Problem One task that most people are faced with at some point in time is the need to import data into SQL Server from an Excel spreadsheet. We have talked about different approaches to doing this in previous tips using OPENROWSET, OPENQUERY, Link Servers, etc... These options are great, but they may not necessarily give you as much control as you may need during the import process. Another approach to doing this is using SQL Server Integration Services (SSIS). With SSIS you can import different types of data as well as apply other logic during the importing process. One problem though that I have faced with importing data from Excel into a SQL Server table is the issue of having to convert data types from Unicode to non-Unicode. SSIS treats data in an Excel file as Unicode, but my database tables are defined as non-Unicode, because I don't have the need to store other code sets and therefore I don't want to waste additional storage space. Is there any simple way to do this in SSIS? Solution If you have used SSIS to import Excel data into SQL Server you may have run into the issue of having to convert data from Unicode to non-Unicode. By default Excel data is treated as Unicode and also by default when you create new tables SQL Server will make your character type columns Unicode as well (nchar, nvarchar,etc...) If you don't have the need to store Unicode data, you probably always use non-Unicode datatypes such as char and varchar when creating your tables, so what is the easiest way to import my Excel data into non-Unicode columns? The following shows two different examples of importing data from Excel into SQL Server. The first example uses Unicode datatypes and the second does not. Here is what the data in Excel looks like.

Example 1 - Unicode data types in SQL Server Our table 'unicode" is defined as follows: CREATE TABLE [dbo].[unicode]( [firstName] [nvarchar](50) NULL, [lastName] [nvarchar](50) NULL ) ON [PRIMARY]

If we create a simple Data Flow Task and an Excel Source and an OLE DB Destination mapping firstname to firstname and lastname to lastname the import works great as shown below.

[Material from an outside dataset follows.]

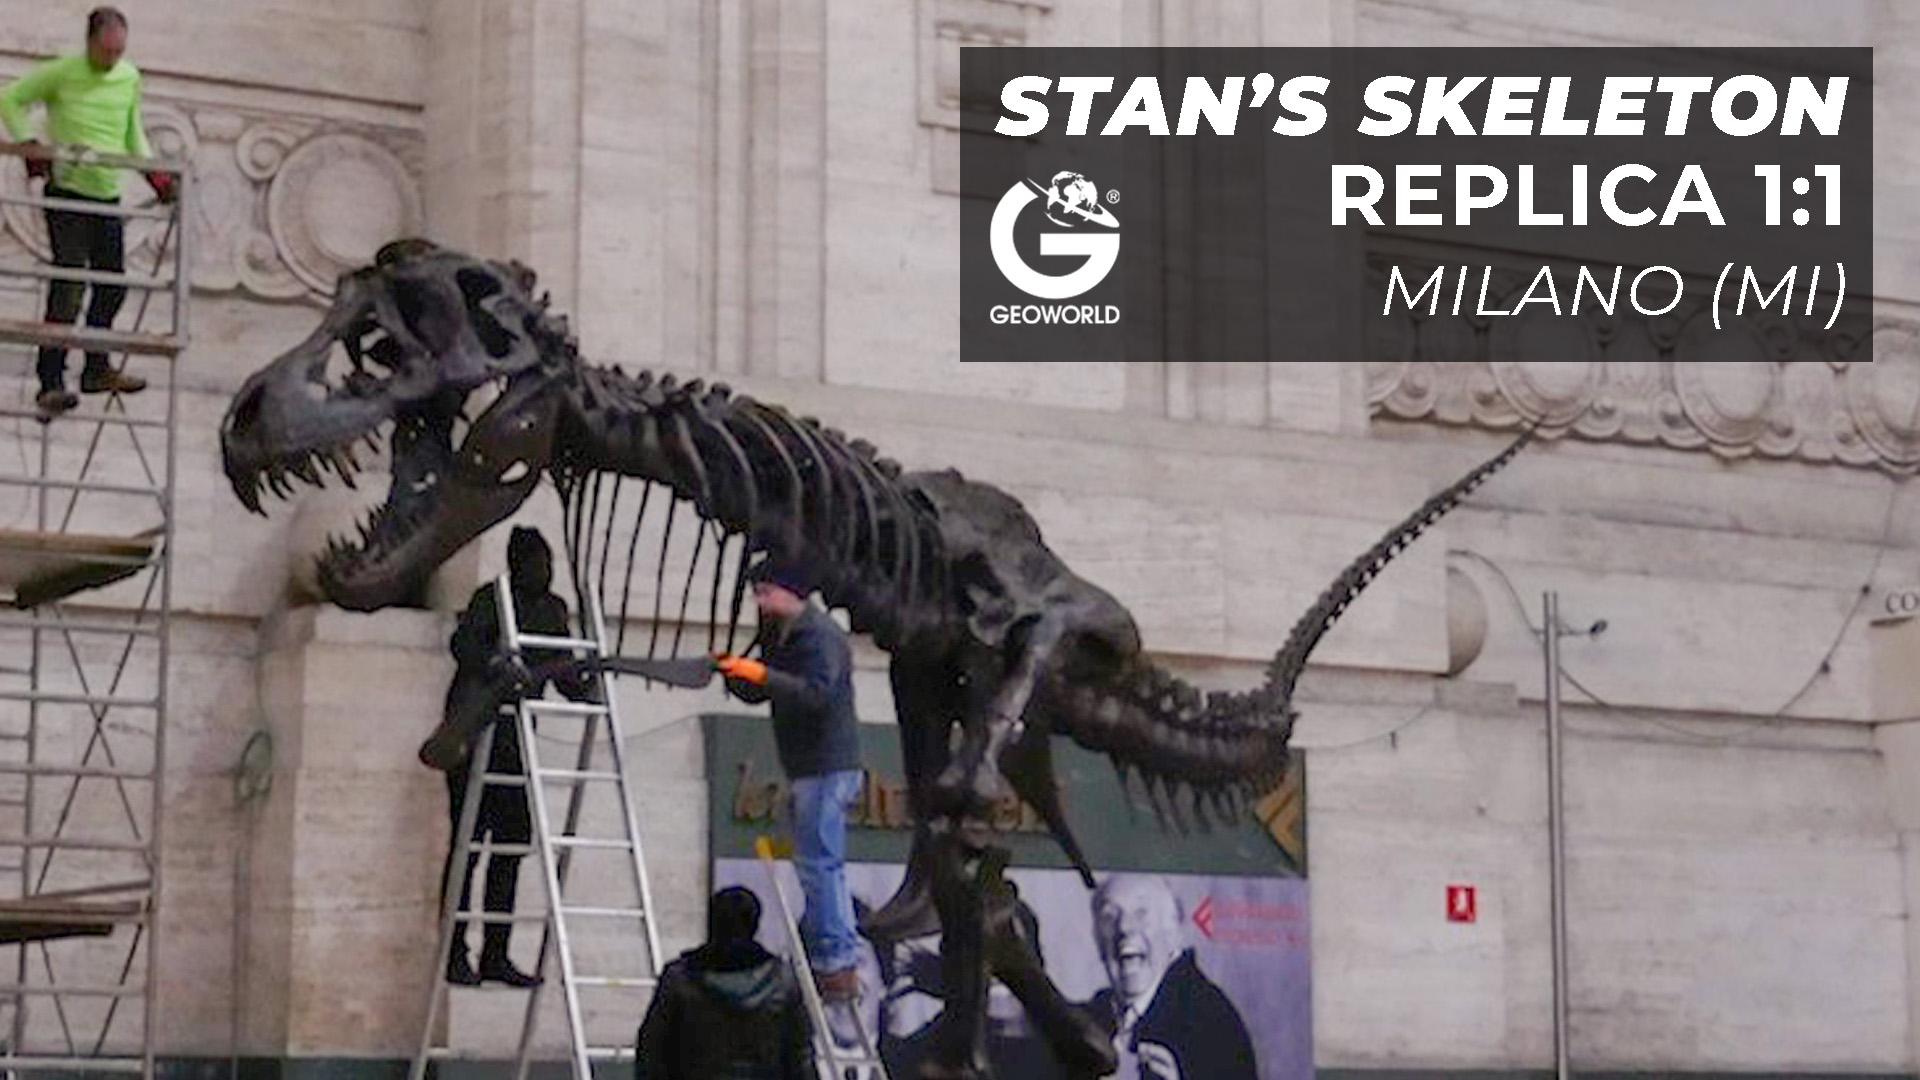 Stan's skeleton – Milano

Example 2- non-Unicode data types in SQL Server Our table 'non_unicode" is defined as follows: CREATE TABLE [dbo].[non_unicode]( [firstName] [varchar](50) NULL, [lastName] [varchar](50) NULL ) ON [PRIMARY] If we map the columns firstname to firstname and lastname to lastname we automatically get the following error in the OLE DB Destination. Columns "firstname" and "firstname" cannot convert between unicode and non-unicode data types...

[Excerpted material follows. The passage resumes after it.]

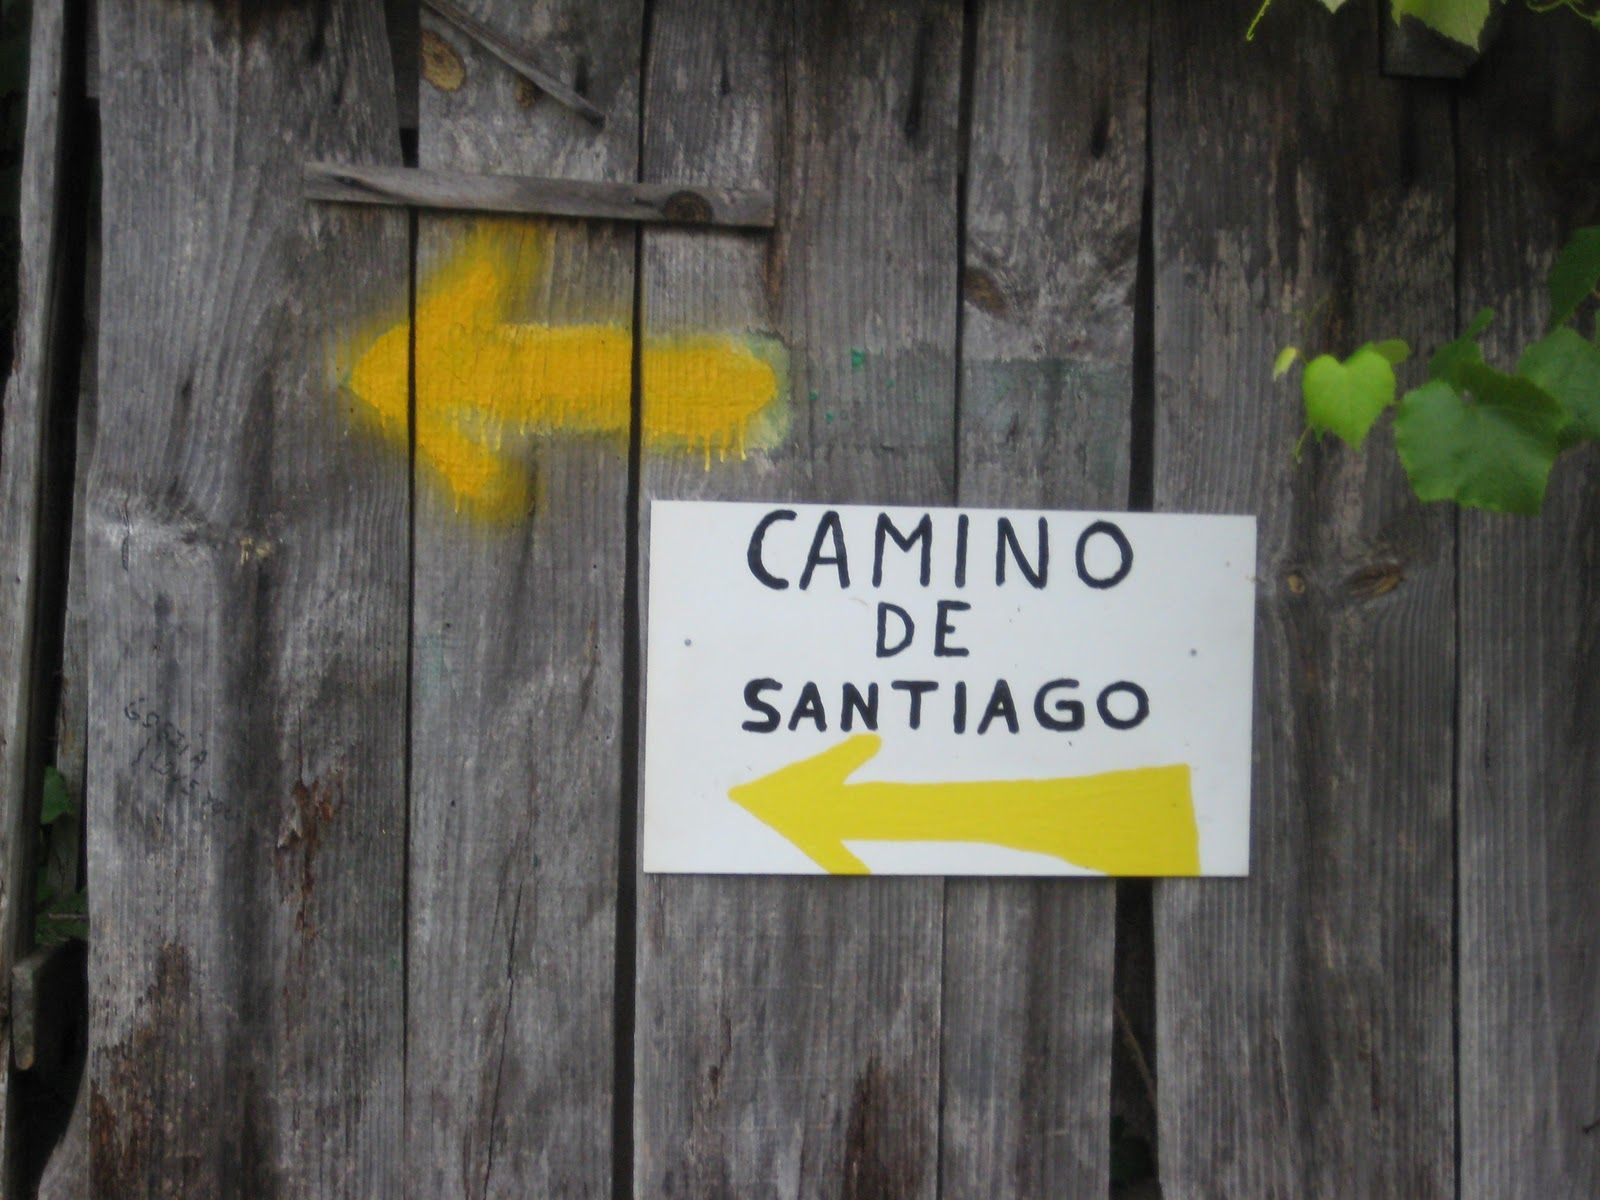 Señales Y Símbolos Del Camino Caminodesantiago Camino De Santiago Santiago De Compostela Santiago

If we execute the task we get the following error dialog box which gives us additional information.

Solving the Problem So based on the error we need to convert the data types so they are the same types. If you right click on the OLE Destination and select "Show Advanced Editor" you have the option of changing the DataType from string [DT_STR] to Unicode string [DT_WSTR]. But once you click on OK it looks like the changed was saved, but if you open the editor again the change is gone and back to the original value. This makes sense since you can not change the data type in the actual table.

If you right click on the Excel Source and select "Show Advanced Editor" you have the option of changing the DataType from Unicode string [DT_WSTR] to string [DT_STR] and the change is saved.

If you click OK the change is saved, but now you get the error in the Excel Source that you can not convert between unicode and non-unicode as shown below. So this did not solve the problem either.

Using the Data Conversion Task So to get around this problem we have to also use a Data Conversion task. This will allow us to convert data types so we can get the import completed. The following picture shows the "Data Conversion" task in between the Excel Source and the OLE DB Destination.

If you right click on "Data Conversion" and select properties you will get a dialog box such as the following. In here we created an Output Alias for each column. Our firstname column becomes firstname_nu (this could be any name you want) and we are making the output be a non-unicode string. In addition we do the same thing for the lastname column.

If we save this and change the mapping as shown to use our new output columns and then execute the task we can see that the import was successful.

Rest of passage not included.